Form 8-K

UNITED STATES

SECURITIES AND EXCHANGE COMMISSION

WASHINGTON, DC 20549

 


FORM 8-K

 


CURRENT REPORT

Pursuant to Section 13 or 15(d) of the

Securities Exchange Act of 1934

Date of Report (Date of earliest event reported): September 11, 2007

 


RADISYS CORPORATION

(Exact name of registrant as specified in its charter)

 


 

Oregon   0-26844   93-0945232

(State or Other Jurisdiction

of Incorporation)

  (Commission File Number)  

(IRS Employer

Identification No.)

 

5445 NE Dawson Creek Drive

Hillsboro, Oregon

  97124
(Address of Principal Executive Offices)   (Zip Code)

Registrant’s telephone number, including area code: (503) 615-1100

No Change

(Former Name or Former Address, if Changed Since Last Report)

 


Check the appropriate box below if the Form 8-K filing is intended to simultaneously satisfy the filing obligation of the registrant under any of the following provisions:

 

¨ Written communications pursuant to Rule 425 under the Securities Act (17 CFR 230.425)

 

¨ Soliciting material pursuant to Rule 14a-12 under the Exchange Act (17 CFR 240.14a-12)

 

¨ Pre-commencement communications pursuant to Rule 14d-2(b) under the Exchange Act (17 CFR 240.14d-2(b))

 

¨ Pre-commencement communications pursuant to Rule 13e-4(c) under the Exchange Act (17 CFR 240.13e-4(c))

 



Item 2.01 Completion of Acquisition or Disposition of Assets.

On September 12, 2007, RadiSys Corporation, an Oregon corporation (the “Company”), completed its acquisition (the “Acquisition”) of certain assets of the modular communications platform business, including products in the Advanced Telecommunications Architecture (ATCA) lines, of Intel Corporation, a Delaware corporation (“Intel”).

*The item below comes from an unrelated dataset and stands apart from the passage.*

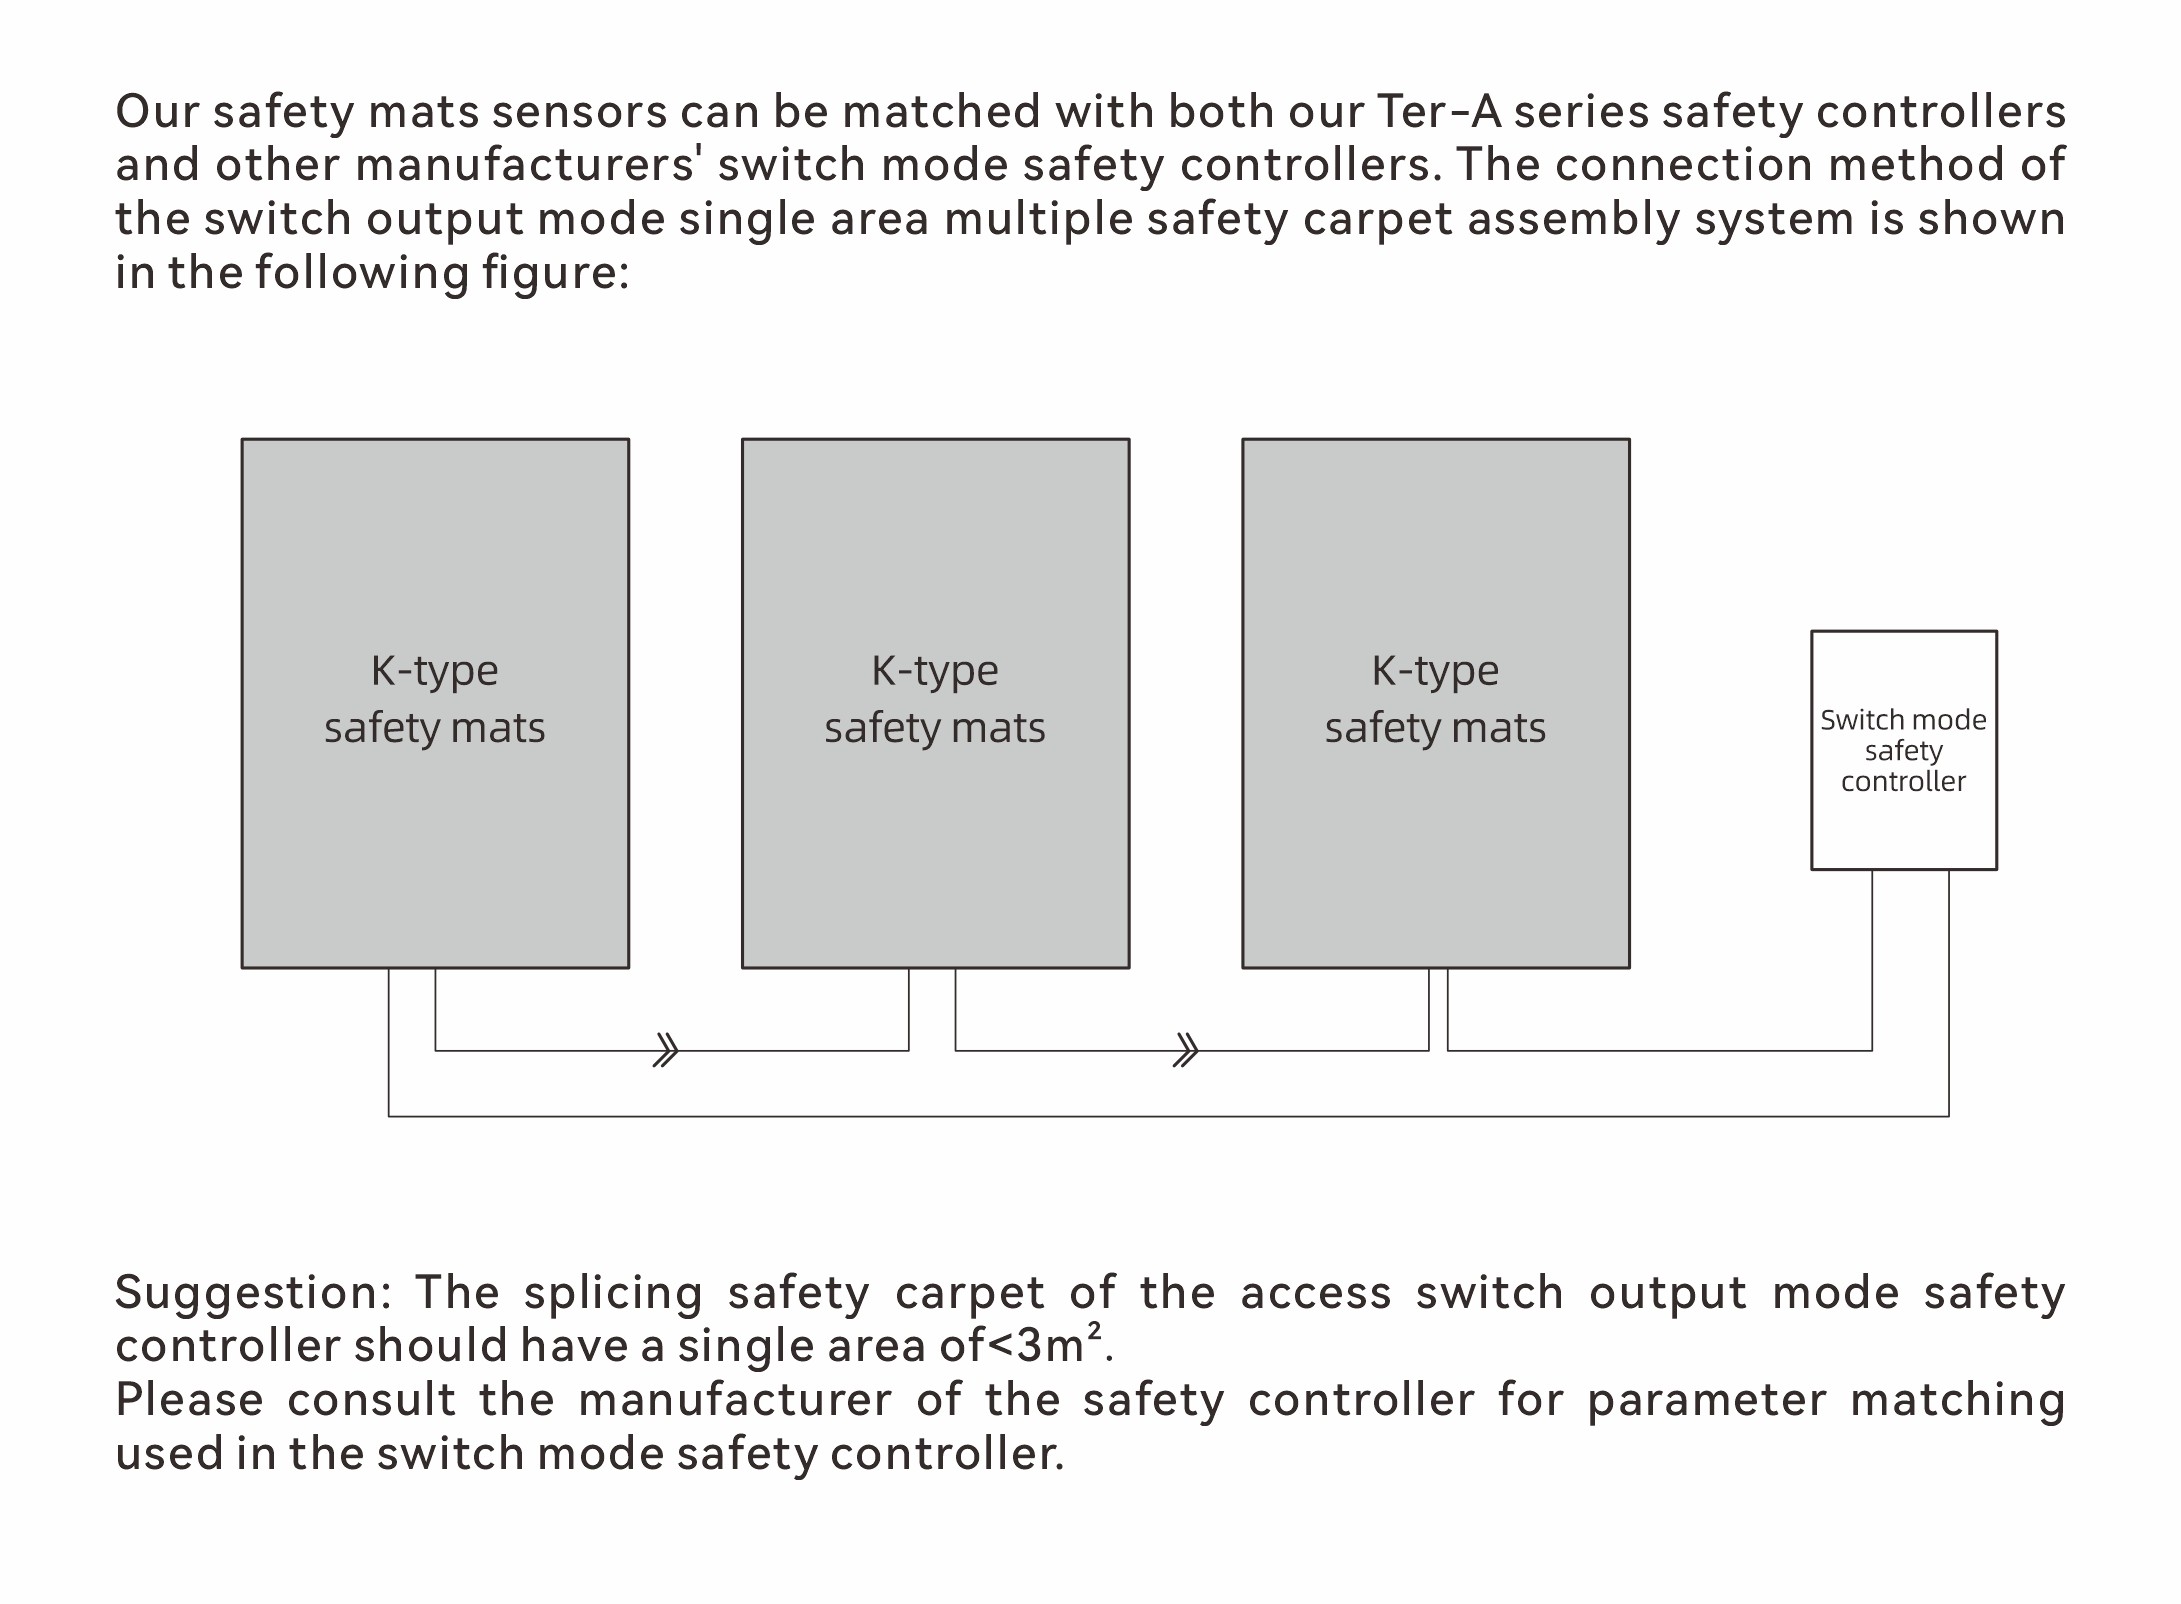 Splice Safety Mats For Connecting Switch Output Mode  Safety Controller

The Acquisition was conducted pursuant a purchase agreement, as previously announced in the Company’s Current Report on Form 8-K filed on September 10, 2007. In connection with the completion of the Acquisition, the Company paid to Intel approximately $31.8 million in cash.

 

Item 5.02 Departure of Directors or Certain Officers; Election of Directors; Appointment of Certain Officers; Compensatory Arrangements of Certain Officers.

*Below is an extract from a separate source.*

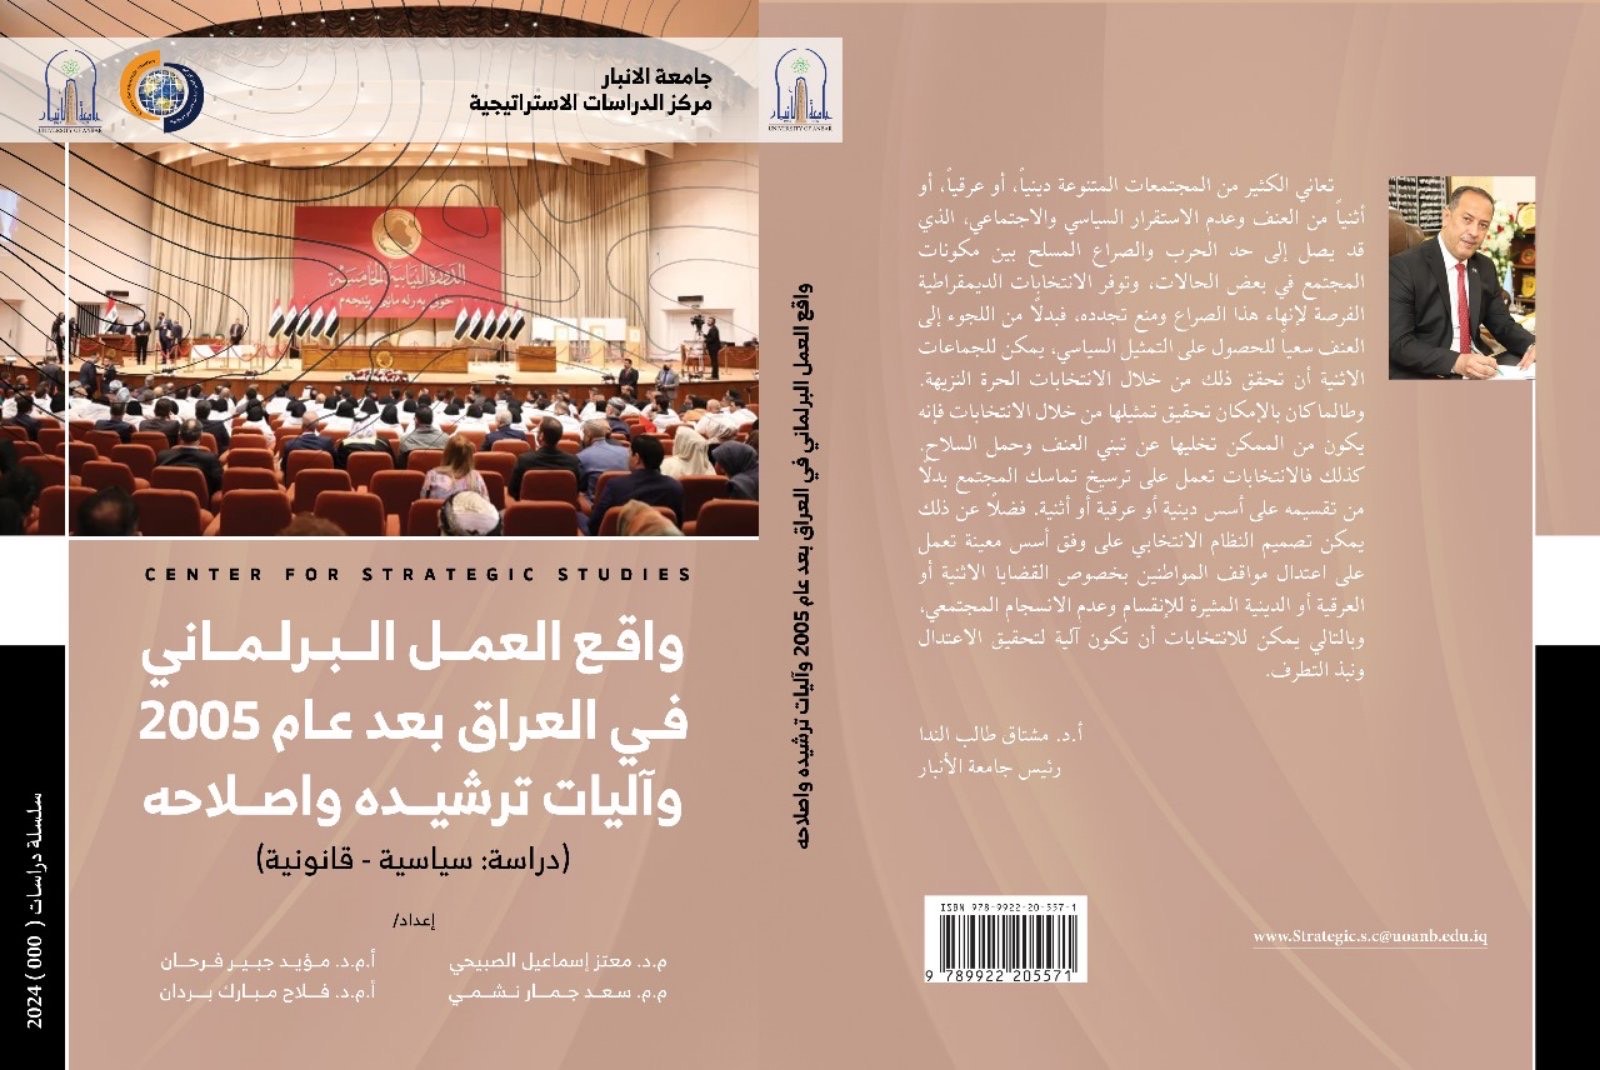 The center's publications (a political-legal analysis of the procedures for rationalizing and reforming legislative functioning in Iraq after 2005)

On September 11, 2007, the Company’s compensation committee of the board of directors (the “Committee”), in connection with its pay-for-performance compensation strategy, approved a special incentive bonus arrangement (the “Program”) for the Company’s Vice President of Worldwide Sales and up to 12 other sales and marketing employees that can impact the revenues of a business unit of the Company. The Program is a cash incentive program designed to motivate the participants to perform to the best of their abilities and achieve financial and other performance objectives of the business unit.

The Committee established a bonus pool, performance goals, and a bonus formula for the Program. The performance goals set by the Committee are based on the business unit’s revenues and require maintaining gross margins above a certain threshold.

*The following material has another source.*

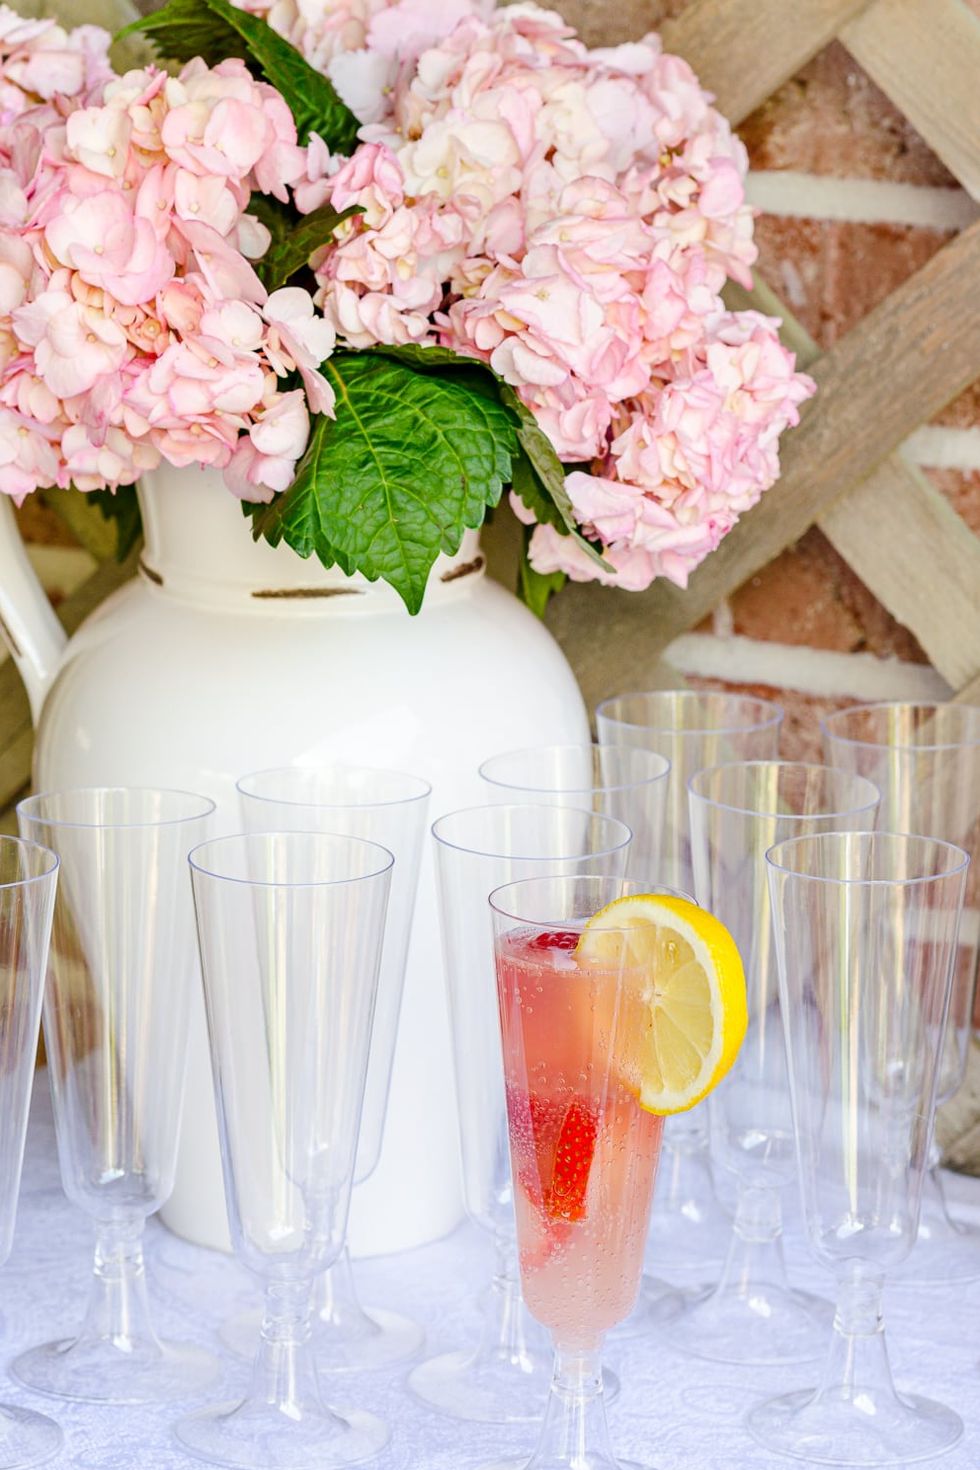 https://hips.hearstapps.com/hmg-prod/images/first-day-of-home-diy-mimosa-bar-ideas-641c7a5d0c200.jpeg?crop=0.937xw:0.931xh;0,0&resize=980:*

Under the Program, the participants will be eligible to receive an award only if performance goals predetermined by the Committee for each of the third and fourth fiscal quarters of 2007 and four fiscal quarters of 2008 are achieved. Payouts under the Program will be made on a quarterly basis and are in addition to other existing bonus plans.

If performance goals predetermined by the Committee for each of the quarterly performance periods are achieved, the aggregate amount of payouts under the Program may vary between $36,000 and $105,000, per quarterly performance period for all participants.

 

Item 9.01. Financial Statements and Exhibits.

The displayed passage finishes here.